As far as I know multimedia/gstreamer1-plugins-bad doesn't use GCC 4.9 to build. So this is probably the cause of the problems. 

Besides the OpenSSL setting I'd remove the whole lot from make.conf. Most of it is deprecated.


----------



## piggy (Feb 10, 2017)

Problem is still unresolved :-(


Related with OpenSLL setting in make,conf: it is requested to use the external updated OpenSLL and not the built in OpenSSL port.

PS: as you can see, gcc settings in make.conf are not active. I do use sometimes to build some not clang friendly program. gstreamer always build by me with clang,


----------



## talsamon (Feb 10, 2017)

Have you try to remove the distfile and fetch it new?
Or maybe, it is something with locale ?


----------



## piggy (Feb 10, 2017)

talsamon said:


> Have you try to remove the distfile and fetch it new?
> Or maybe, it is something with locale ?


Hey thank you for your interest. I sanitized the ports tree many times in this weeks with no luck :-( Related with the locale, it seems fine to me. I don't have any problem with any other port. I was wondering if it is related with some plugin library (?) considering it stops always to same point in build. I'm really out of any idea. I even think to install the pkg then it sound impossible with pkg to install a single package without changing pretty much of all the installed system. And I will definitely prefer to fix this absurd problem.


----------



## talsamon (Feb 10, 2017)

Please, attach a build-log.
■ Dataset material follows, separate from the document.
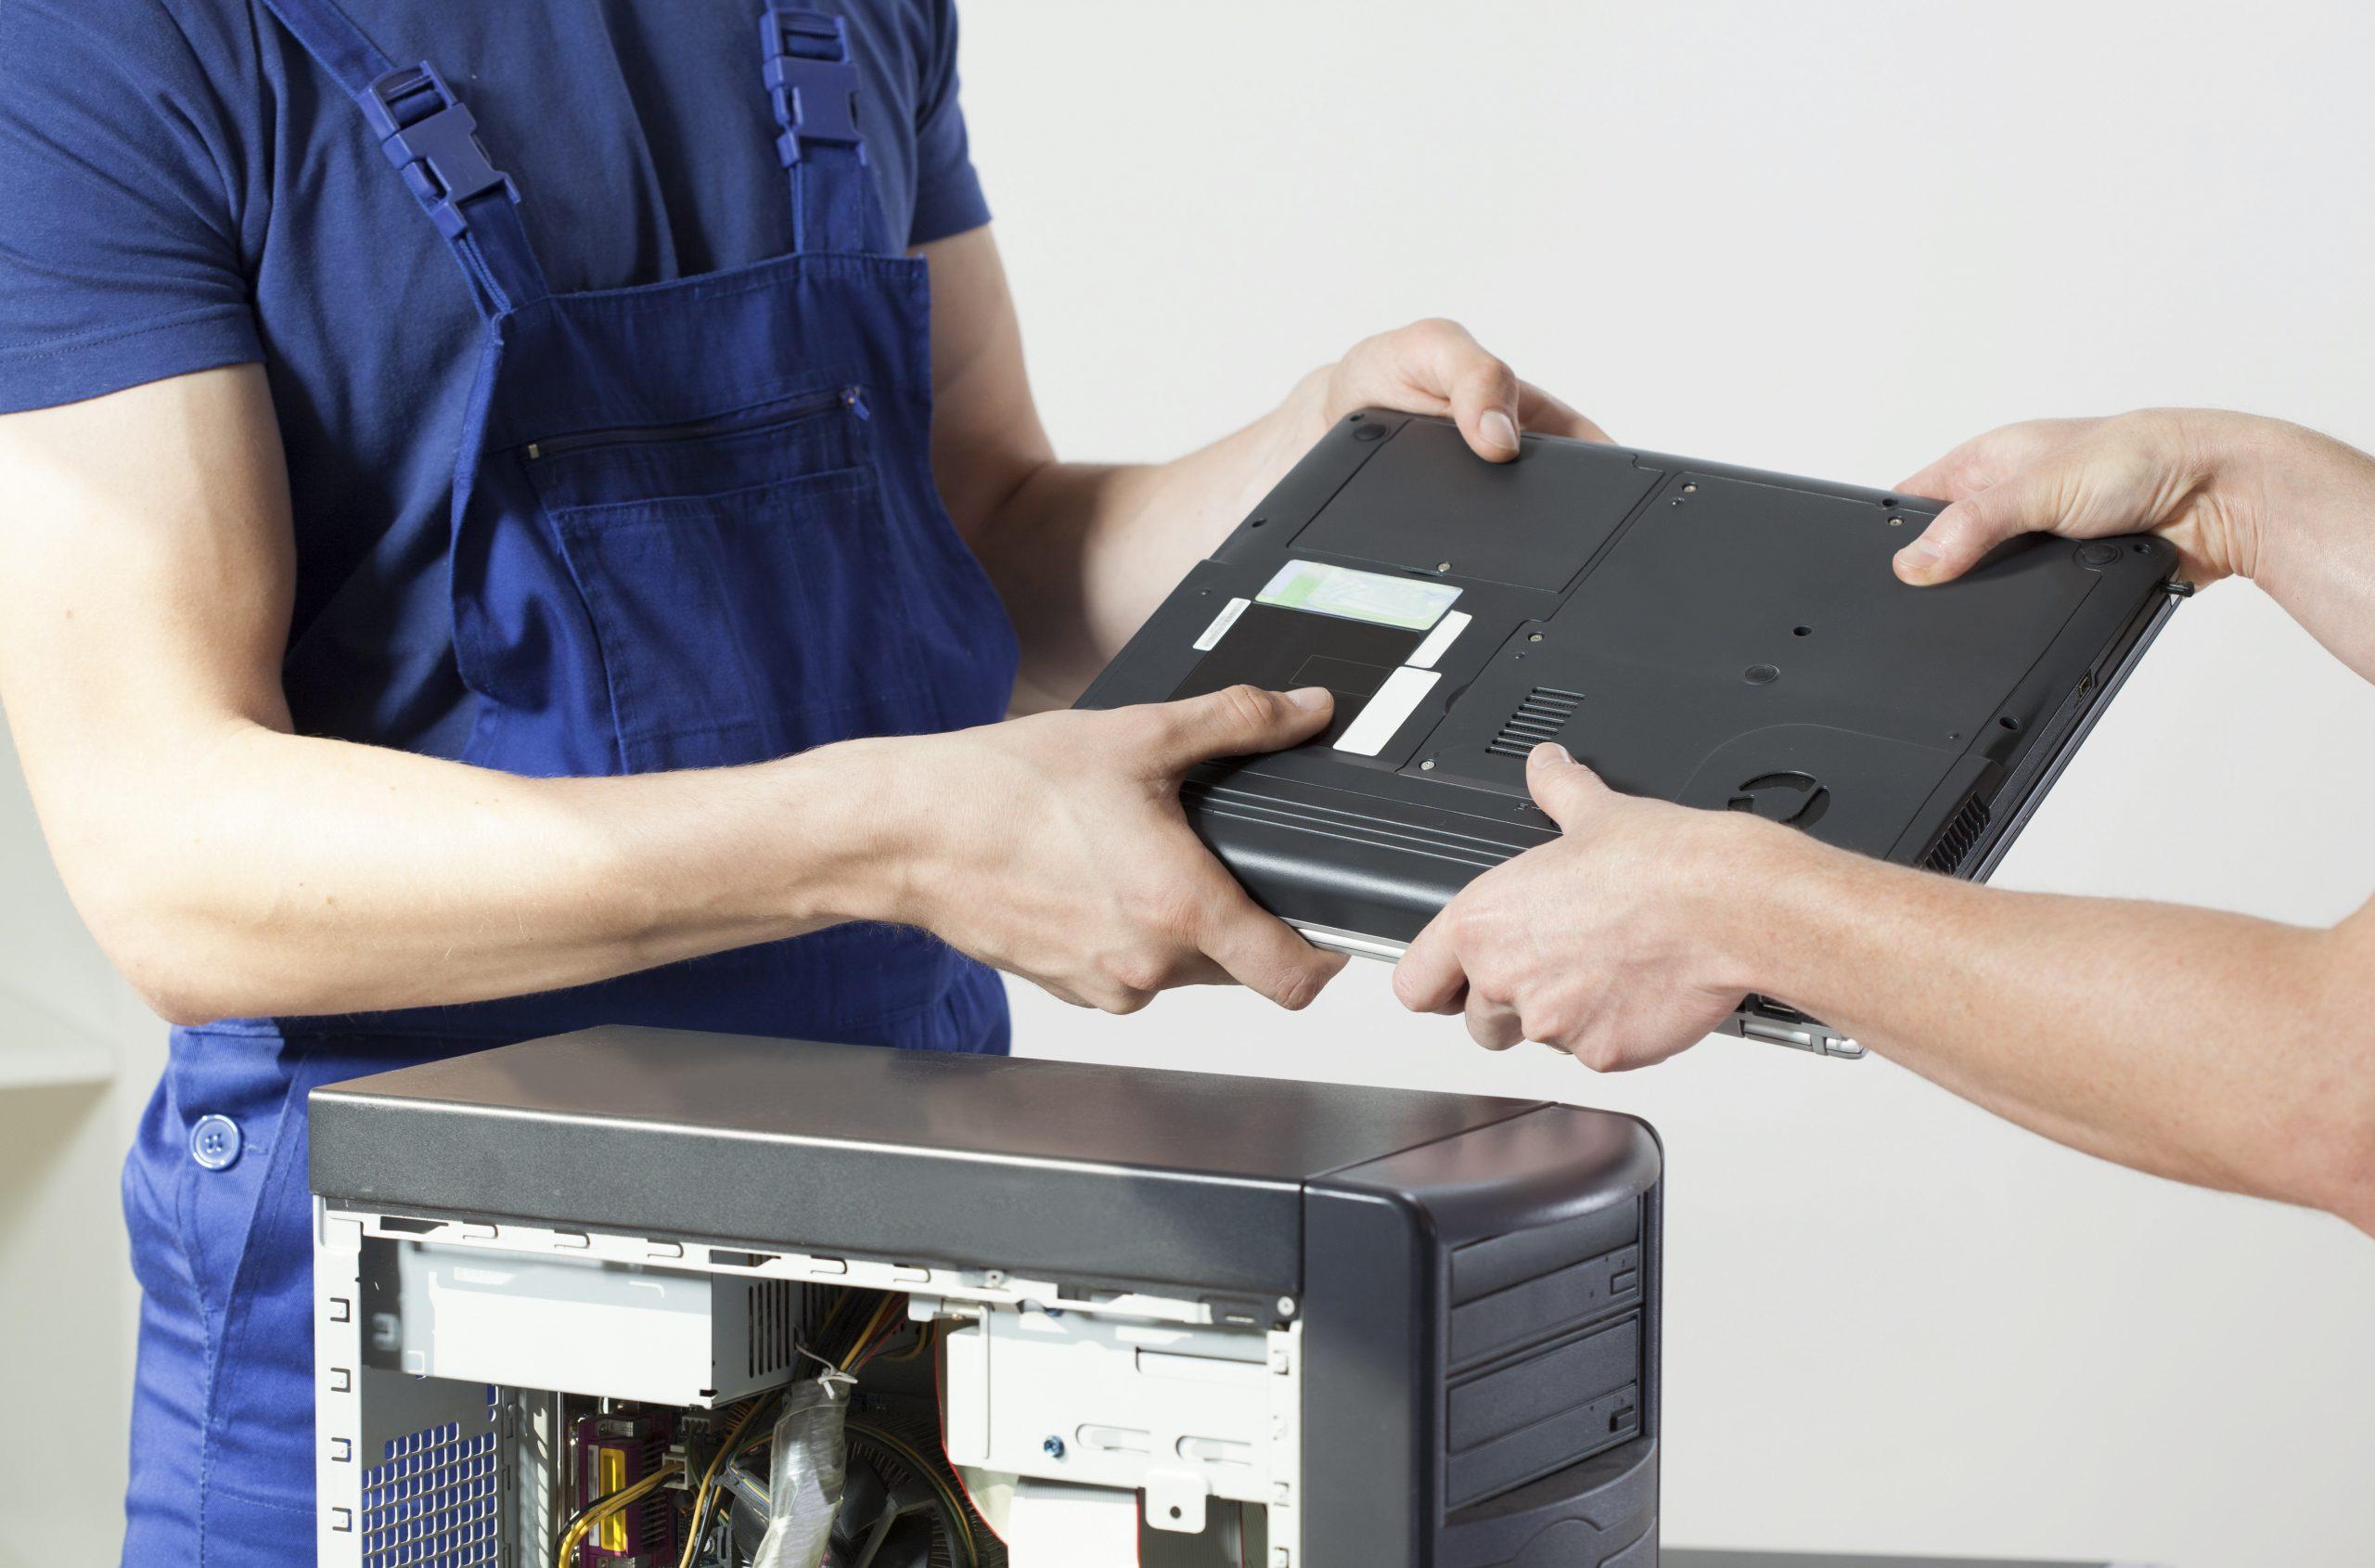 etichette per elettronica, barcode, schede rame, etichette piccole

Maybe, the error or more are before the stop.
(I don't think it helps, but try rebuild devel/automake, devel/autoconf and devel/libtool).


----------



## piggy (Feb 11, 2017)

talsamon said:


> Please, attach a build-log. Maybe, the error or more are before the stop.
> (I don't think it helps, but try rebuild devel/automake, devel/autoconf and devel/libtool).
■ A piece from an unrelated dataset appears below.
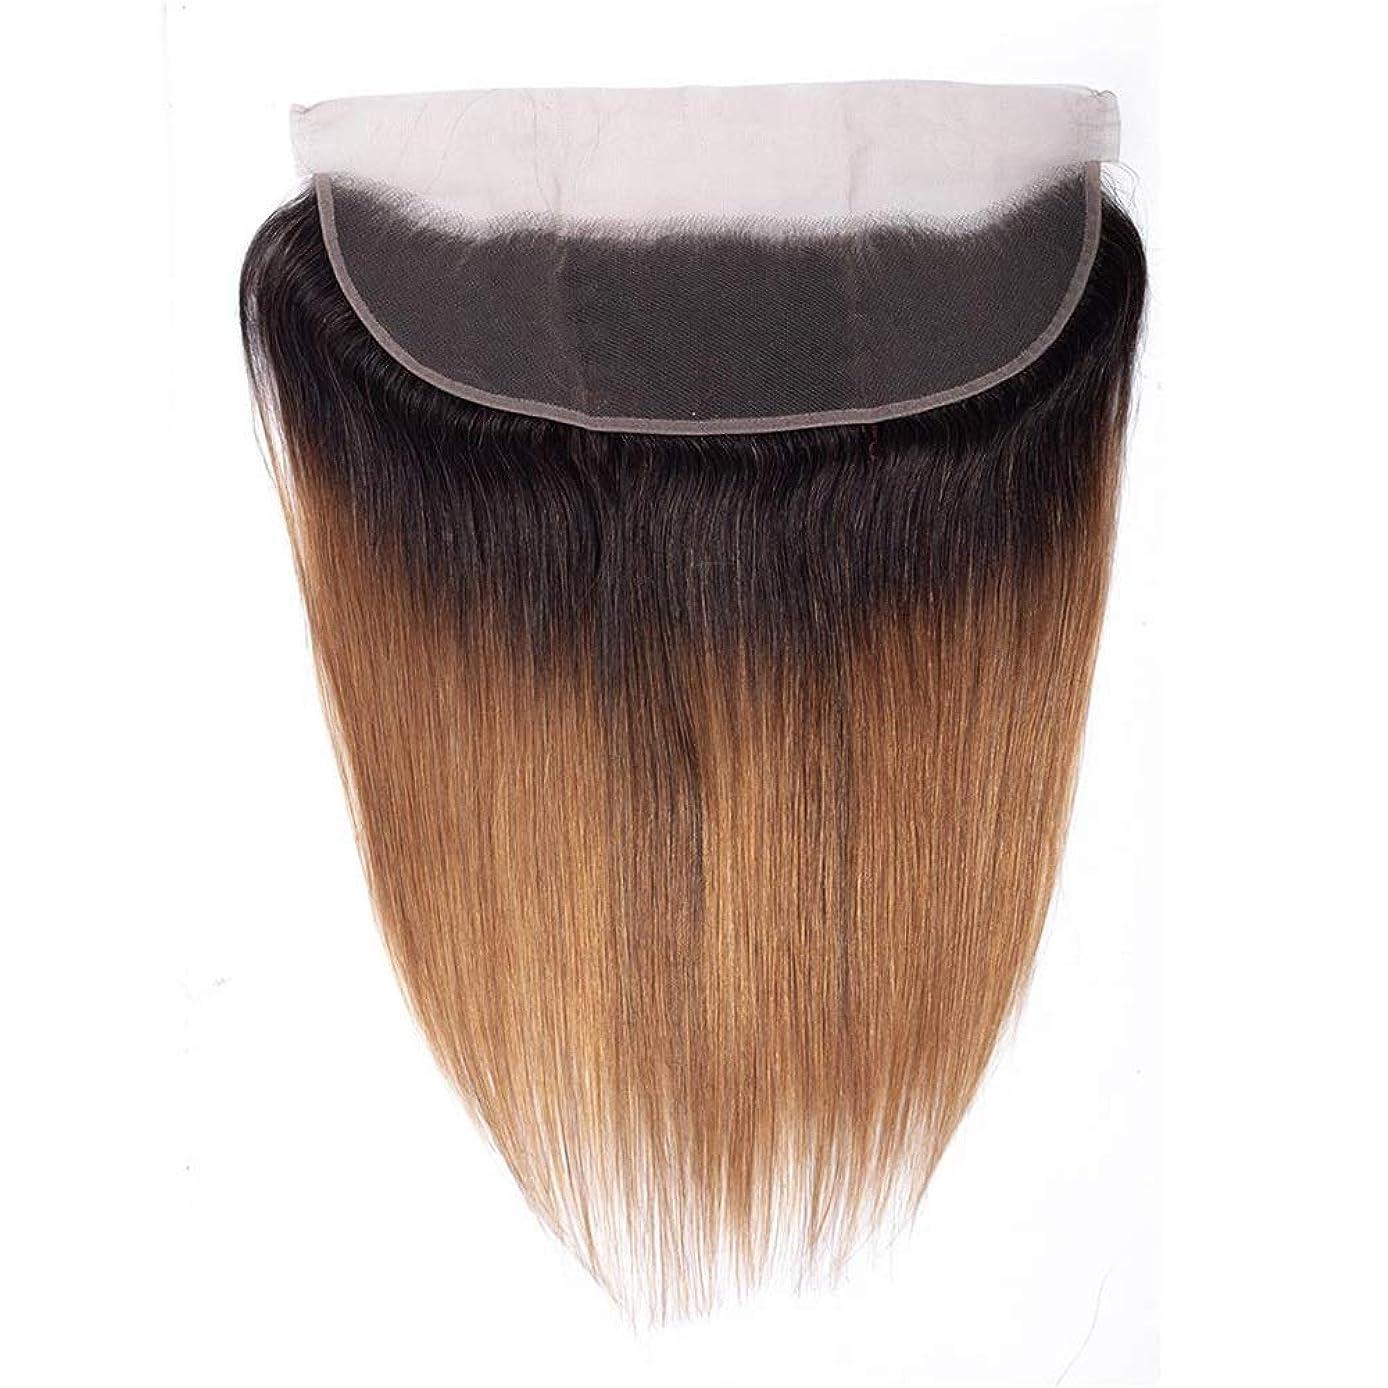 意識的夢拷問HOHYLLYA ブラジルの人間の髪の毛ストレート13 * 4レースクロージャー1B / 30黒から茶色の2トーンの色(8インチ18インチ)かつらショートかつら (色 : ブラウン, サイズ : 16 inch)

Hi, there is no log becouse the build die before it can write a log considering I have to Ctrl-C to stop the stuck build. I always rebuilt and updated those three ports.


----------



## piggy (Feb 13, 2017)

I had installed ports-mgmt/Poudriere, on popular demand, just to look if it can fix this problem and... guess! It happen exactly like with for me faithfull and friendly ports-mgmt/portmaster, build of this port die in exactly same string and this is the same string you look in the first post of this thread.


----------